In this paper, we have demonstrated the feasibility of VR-based 360-degree experiences for stress relief. Our main purpose was to reduce the costs associated with traditional chromotherapy rooms, and to offer a new and attractive alternative to relieve stress based on individualized experiences to avoid boredom or rejection to traditional relaxation methods. For this purpose, we followed a robust methodology to elicit stress in 23 participants, and then relaxed them with our 360-degree proposal. We gathered the self-perceived stress level of the participants via surveys conducted at eight key moments of the experimental procedure. Furthermore, we recorded their EEG activity to obtain a stress biomarker, the relative gamma. According to our results, our proposal only needs a few minutes to reduce the stress level, and the experience was described as comfortable and immersive by the participants, who also claimed that they would repeat it. This proposal presents several advantages compared to other relaxation methods. First, traditional relaxation therapies, like chromotherapy rooms, are expensive in terms of space and initial investments. These costs far exceed those associated with a commercial head-mounted display. Also, our proposal can be exported to multiple commercial devices, thus it offers a level of ubiquity and availability that cannot be achieved with conventional solutions. In summary, the results we obtained validate our 360-degree proposal as a new and reliable stress relief alternative. Its attractiveness and low cost make our proposal suitable for several environments, such as workplaces, schools, therapy clinics, and hospitals. For instance, a school time-out could be used by students to relax using a commercial HMD and their favorite 360-degree experience. Finally, for future studies, we propose the use of the RG to model the stress level through regression, based on the high correlation shown between the RG and the SPSL survey answers (PCC = 0.8417). This could allow the prediction of the stress level in real-time applications.
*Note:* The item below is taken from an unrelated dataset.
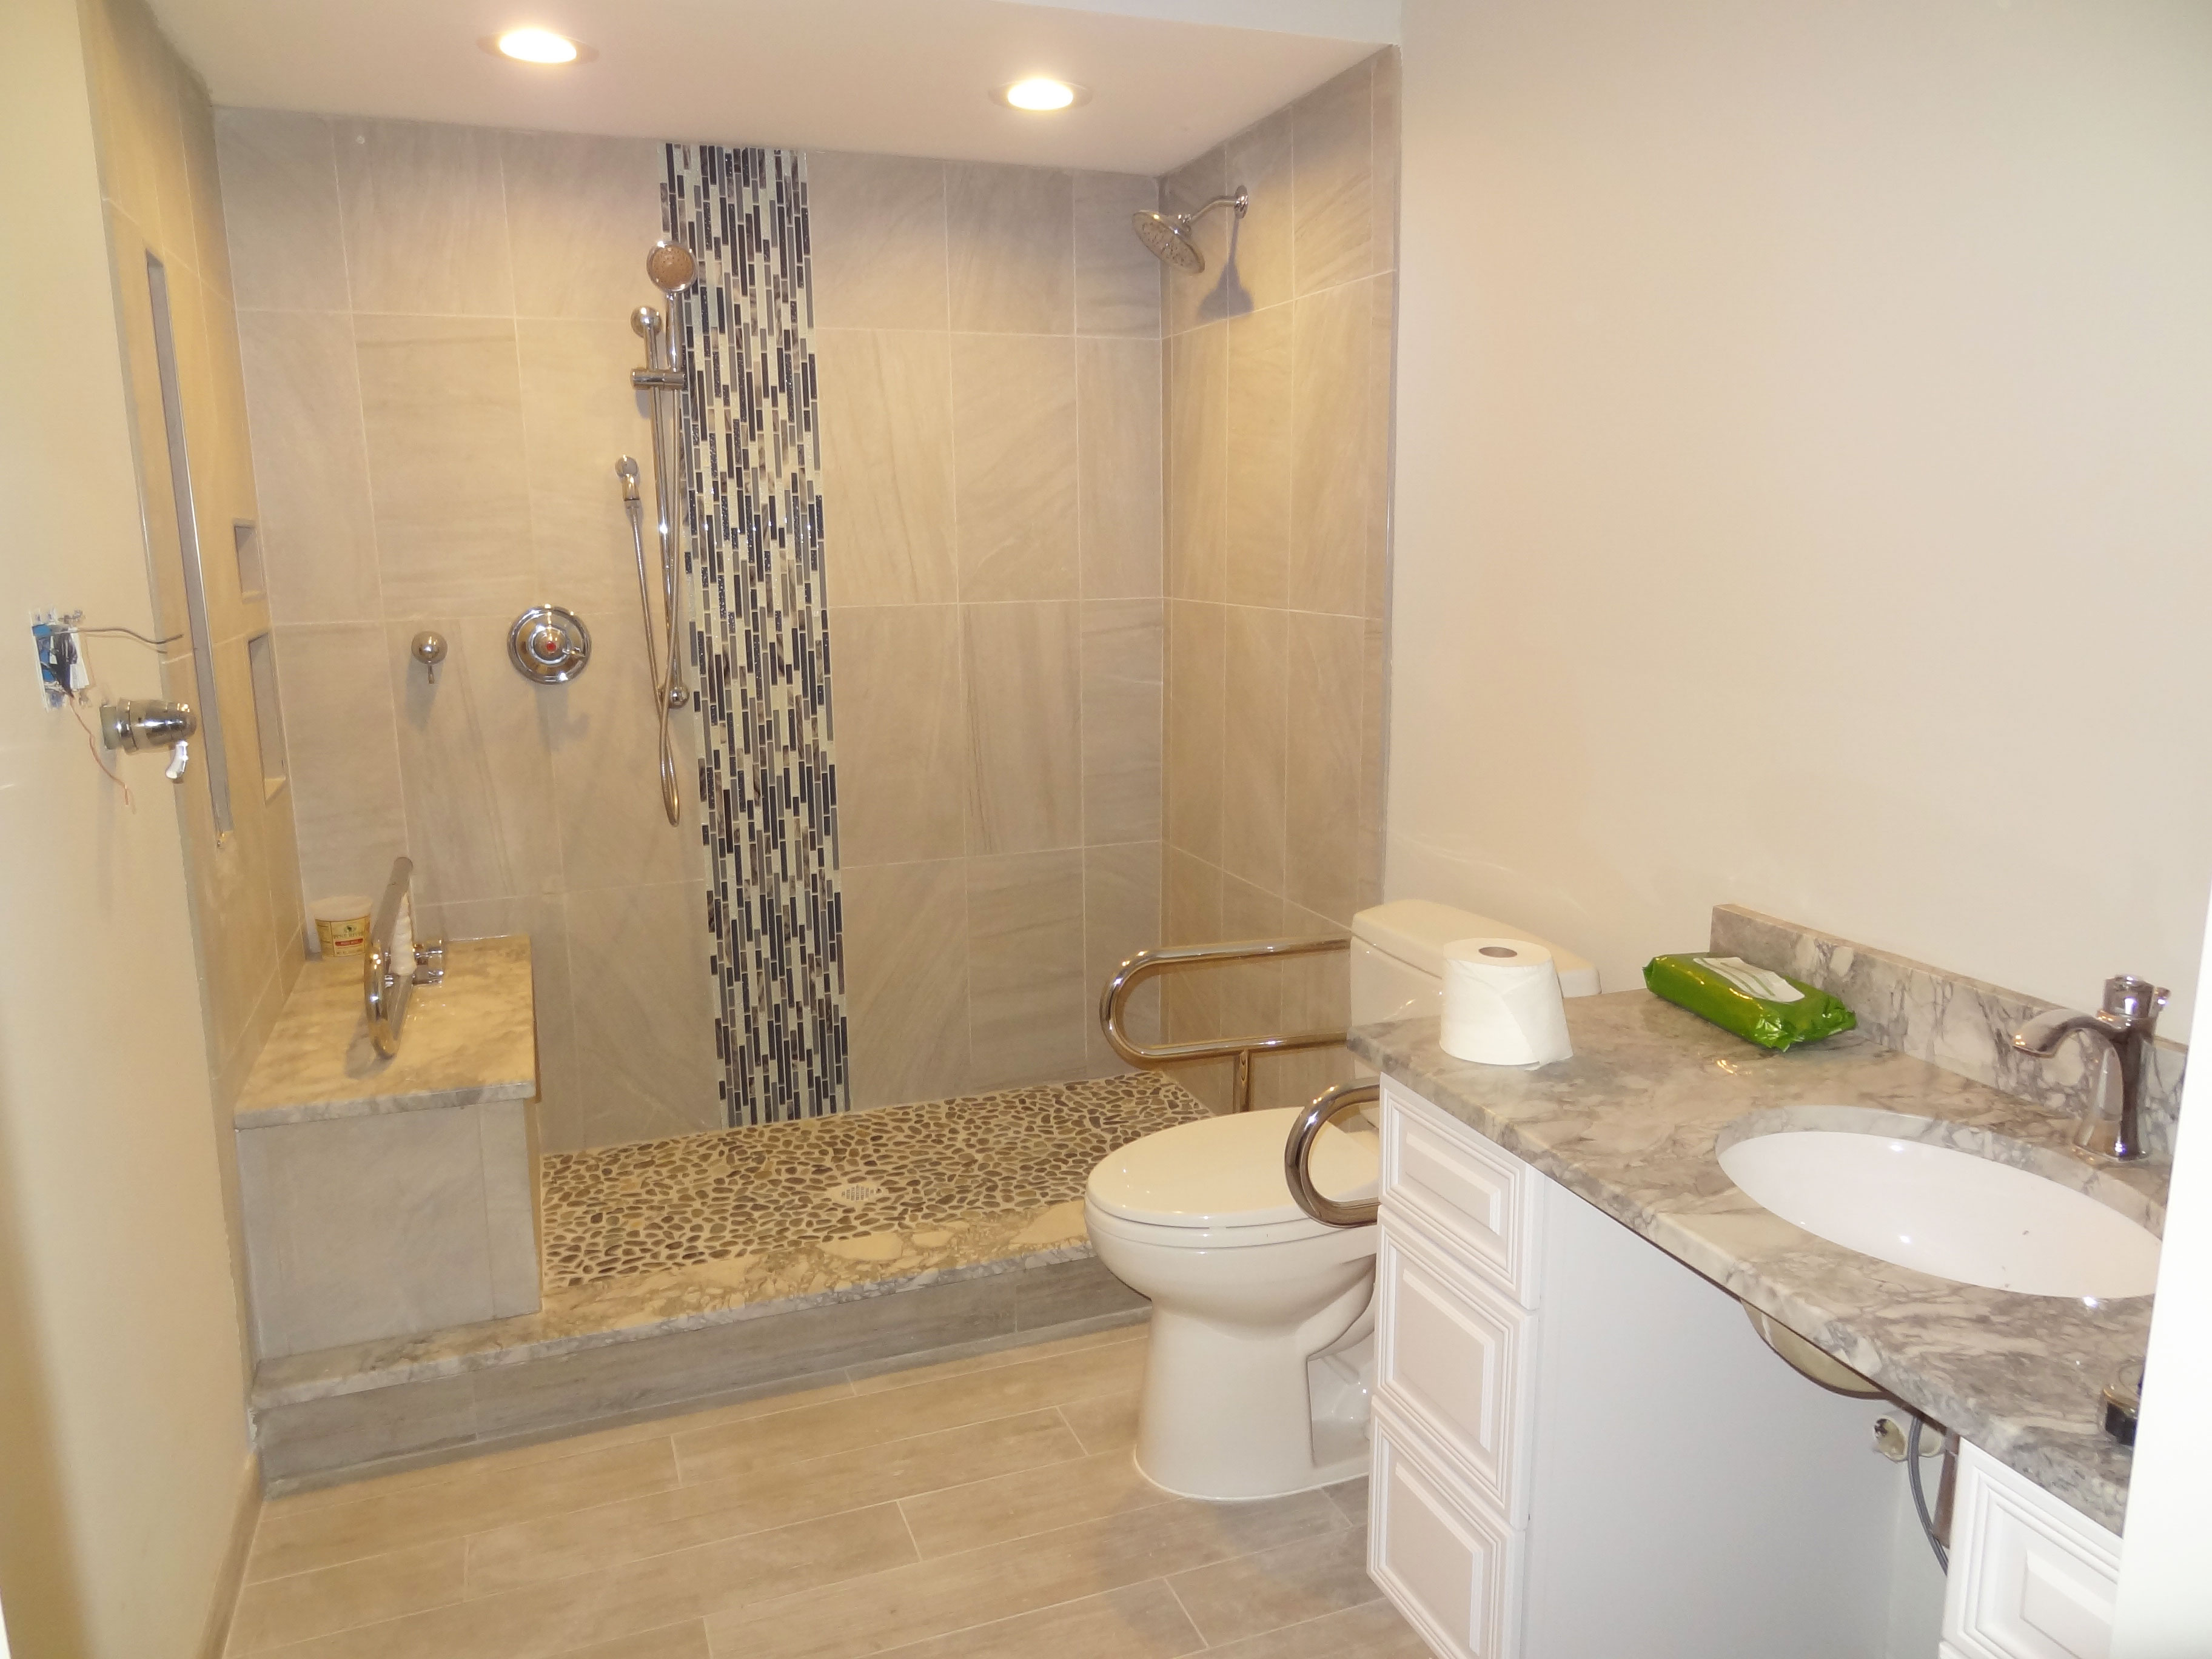 ohidesign kitchen remodeling manassas va Bathroom Remodel 4

Also, further studies should consider a combination of the RG with other stress biomarkers (GSR, ECG, cortisol, etc.) to gain new insights about this biomarker.

Acknowledgments

This work was supported by the project PGC2018-098813-B-C31 (the Spanish Ministry of Science, Innovation and Universities, by European Regional Development Funds).

Author Contributions

Conceptualization, M.A.V.-B. and M.A.L.-G.; methodology, M.A.V.-B., E.P.-V., and M.A.L.-G.; software, M.A.V.-B.; validation, M.A.V.-B., E.P.-V., M.A.L.-G. and C.M.; formal analysis, M.A.V.-B. and E.P.-V.; investigation, M.A.V.-B. and E.P.-V.; resources, C.M. and M.A.L-G.; data curation, M.A.V.-B.; writing—original draft preparation, M.A.V.-B.; writing—review and editing, M.A.V.-B., E.P.-V., M.A.L.-G. and C.M.; visualization, M.A.V.-B.; supervision, M.A.L.-G. and C.M.; project administration, M.A.L.-G. and C.M. All authors have read and agreed to the published version of the manuscript.

Funding

This research received no external funding.
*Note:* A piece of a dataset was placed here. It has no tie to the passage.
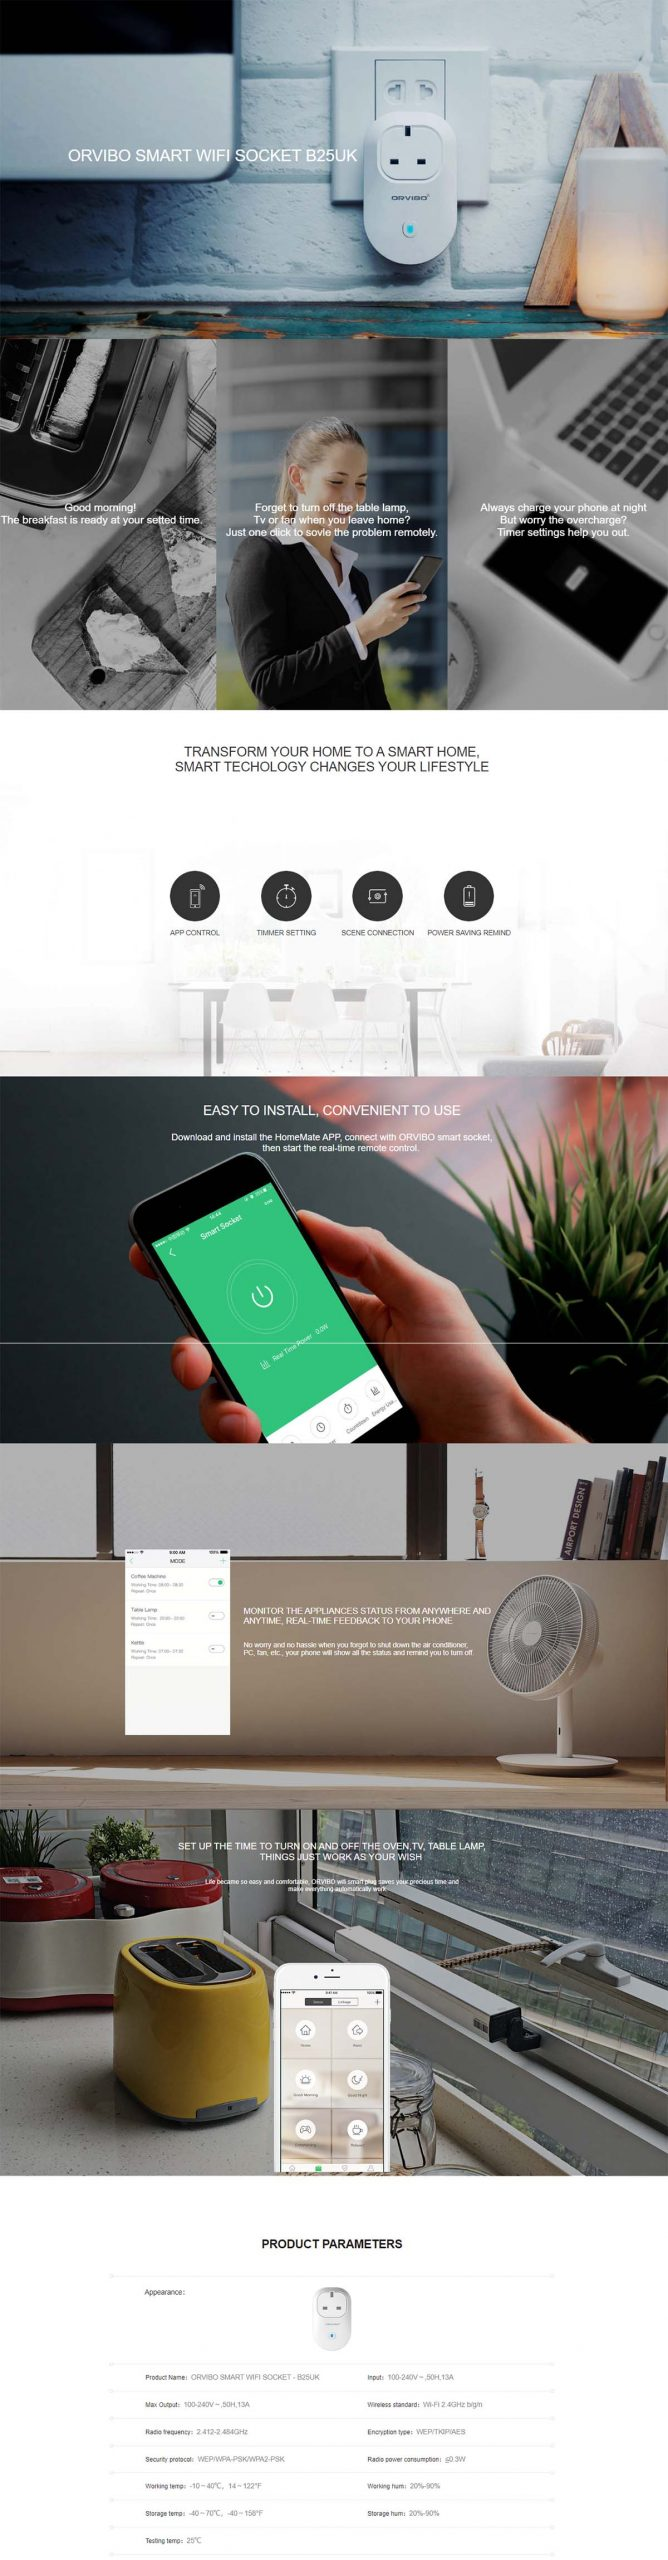 ORVIBO Smart WiFi Plug

Institutional Review Board Statement

Ethical review and approval were waived for this study, due to the participants signed an informed consent that briefed them about the implications of the experiment. No additional protocols were required since the participants were healthy volunteers from the community of the University of Granada.

Informed Consent Statement

Informed consent was obtained from all subjects involved in the study.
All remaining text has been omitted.